An earlier draft of this article ended at this point with “That is all I have to say about this.” Ha!

## Unavoidable problems

Everyone suffers through this issue at some point or another. It is tempting to wonder if Git couldn't somehow make it easier for people to deal with. I think the answer is no. Git has multiple, distributed repositories. To abandon that feature would be to go back to the dark ages of galley slaves, smallpox, and SVN. But if you have multiple distributed anythings, you must face the issue of how to synchronize them. This is intrinsic to distributed systems: two components receive different updates at the same time, and how do you reconcile them?

For reasons I have discussed before, it does not appear possible to automate the reconciliation in every case in a source code control system, because sometimes the reconciliation may require going over to a co-worker's desk and arguing for two hours, then calling in three managers and the CTO and making a strategic decision which then has to be approved by a representative of the legal department. The VCS is not going to do this for you.

I'm going to digress a bit and then come back to the main point. Twenty-five years ago I taught an introductory programming class in C. The previous curriculum had tried hard to defer pointers to the middle of the semester, as K&R does (chapter 7, I think). I decided this was a mistake.

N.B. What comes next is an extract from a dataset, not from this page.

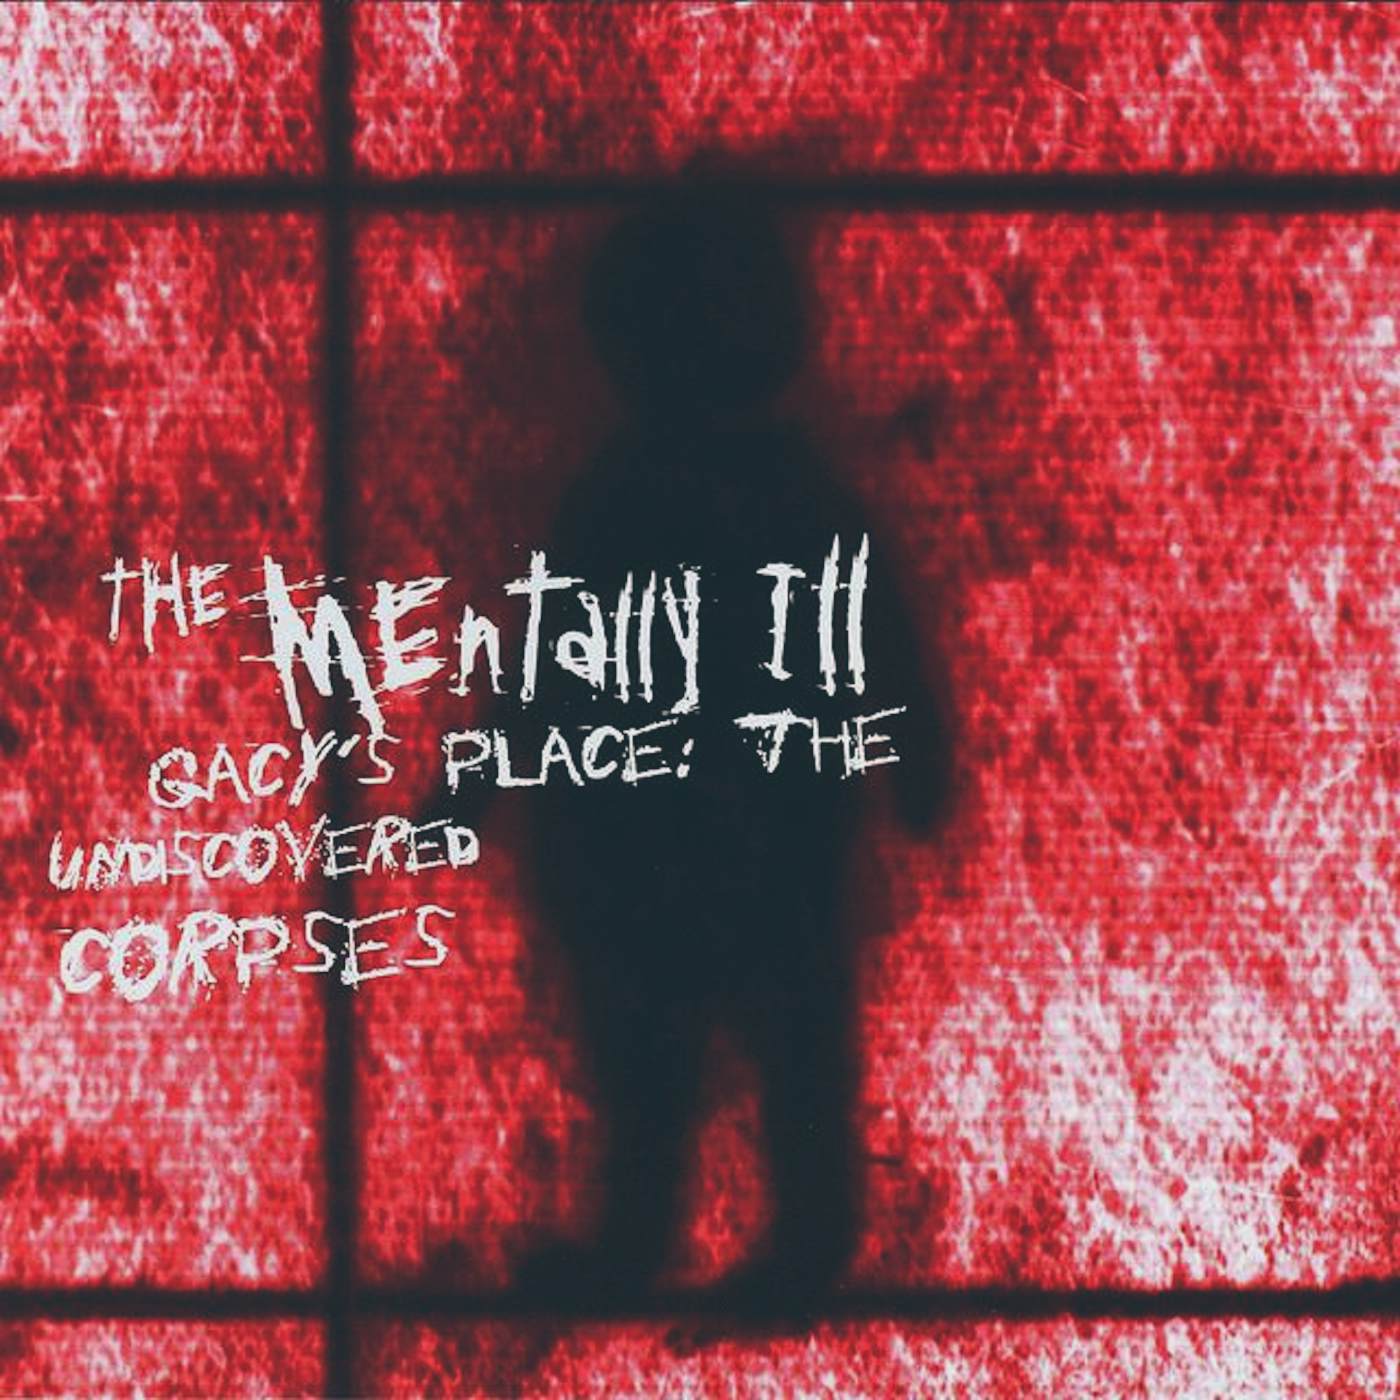 The Mentally Ill

Pointers are everywhere in C and without them you can't call scanf or pass an array to a function (or access the command-line arguments or operate on strings or use most of the standard library or return anything that isn't a number…). Looking back a few years later I wrote:

Pointers are an essential part of [C's] solution to the data hiding problem, which is an essential issue. Therefore, they cannot be avoided, and in fact should be addressed as soon as possible. … They presented themselves in the earliest parts of the material not out of perversity, but because they were central to the topic.

I developed a new curriculum that began treating pointers early on, as early as possible, and which then came back to them repeatedly, each time elaborating on the idea. This was a big success. I am certain that it is the right way to do it.

(And I've been intending since 2006 to write an article about K&R's crappy discussion of pointers and how its deficiencies and omissions have been replicated down the years by generation after generation of C programmers.)

I think there's an important pedagogical principle here. A good teacher makes the subject as simple as possible, but no simpler. Many difficult issues, perhaps most, can be ignored, postponed, hidden, prevaricated, fudged, glossed over, or even solved. But some must be met head-on and dealt with, and for these I think the sooner they are met and dealt with, the better.

Push conflicts in Git, like pointers in C, are not minor or peripheral; they are an intrinsic and central issue. Almost everyone is going to run into push conflicts, not eventually, but right away. They are going to be completely stuck until they have dealt with it, so they had better be prepared to deal with it right away.

If I were to write a book about Git, this discussion would be in chapter 2. Dealing with merge conflicts would be in chapter 3. All the other stuff could wait.

That is all I have to say about this. Thank you for your kind attention, and thanks to Sumana Harihareswara and AJ Jordan for inspiration.